Query rewriting using views in the presence of inclusion dependencies

Query rewriting using views is an essential issue in data integration. A number of algorithms, e.g., the bucket algorithm, the inverse rules algorithm, the SVB algorithm and the MiniCon algorithm, have been proposed to address this issue. These algorithms can be divided into two categories: bucket-based algorithms and inverse rule-based algorithms. Some inverse rule-based algorithms have considered the problem of query rewriting in the presence of inclusion dependencies. However, there has been no bucket-base algorithm so far for the problem. All the previous bucket-based algorithms may miss query rewritings in the presence of inclusion dependencies. In this paper, we extend the MiniCon algorithm to the presence of inclusion dependencies. In the MiniCon algorithm, a view can be used in a non-redundant rewriting of a query only if at least one subgoal in the query is covered by a subgoal in the view.
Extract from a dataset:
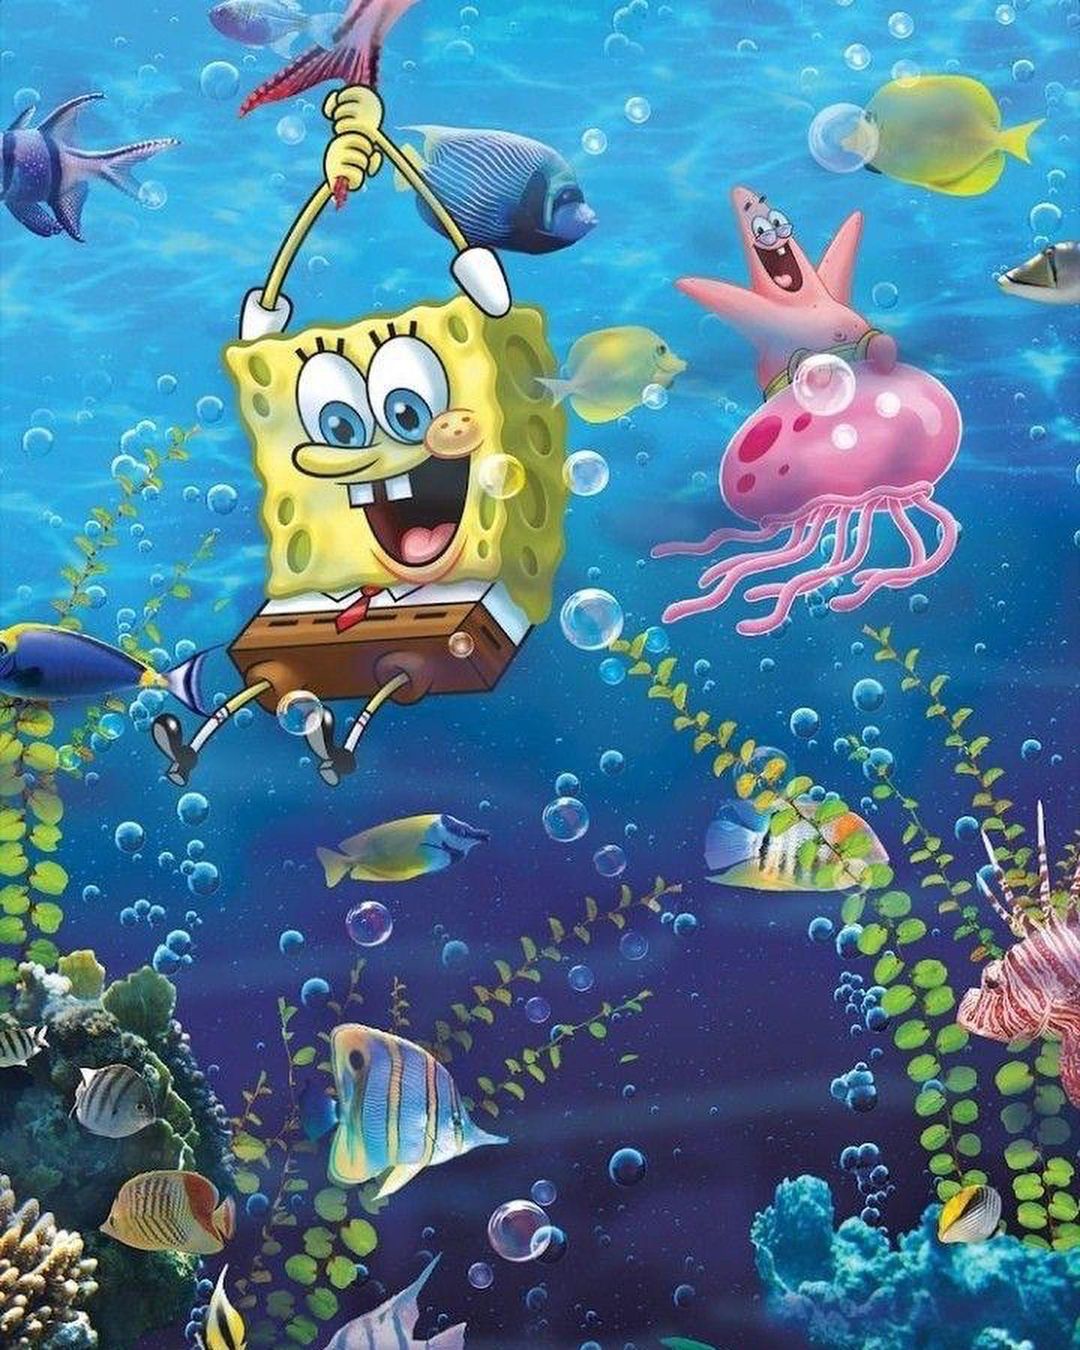 SpongeBob clings on a tail of a fish and Patrick rides on a giant pink jellyfish as different fishes swim everywhere

In the presence of inclusion dependencies, when no subgoal in a view directly covers the query subgoal we can apply the chase procedure and rule to the subgoals of the query or view that contains the chase reachable subgoals to get a revised query or view. The condition required by the MiniCon algorithm is then satisfied. We can therefore avoid the problem of missing rewritings with the previous bucket-based algorithms. We prove that our extended algorithm can find the maximally-contained rewriting of a conjunctive query using a set of conjunctive views in the presence of inclusion dependencies. Our extension of the MiniCon algorithm does not involve a significant increase in computational complexity and our new algorithm remains scalable.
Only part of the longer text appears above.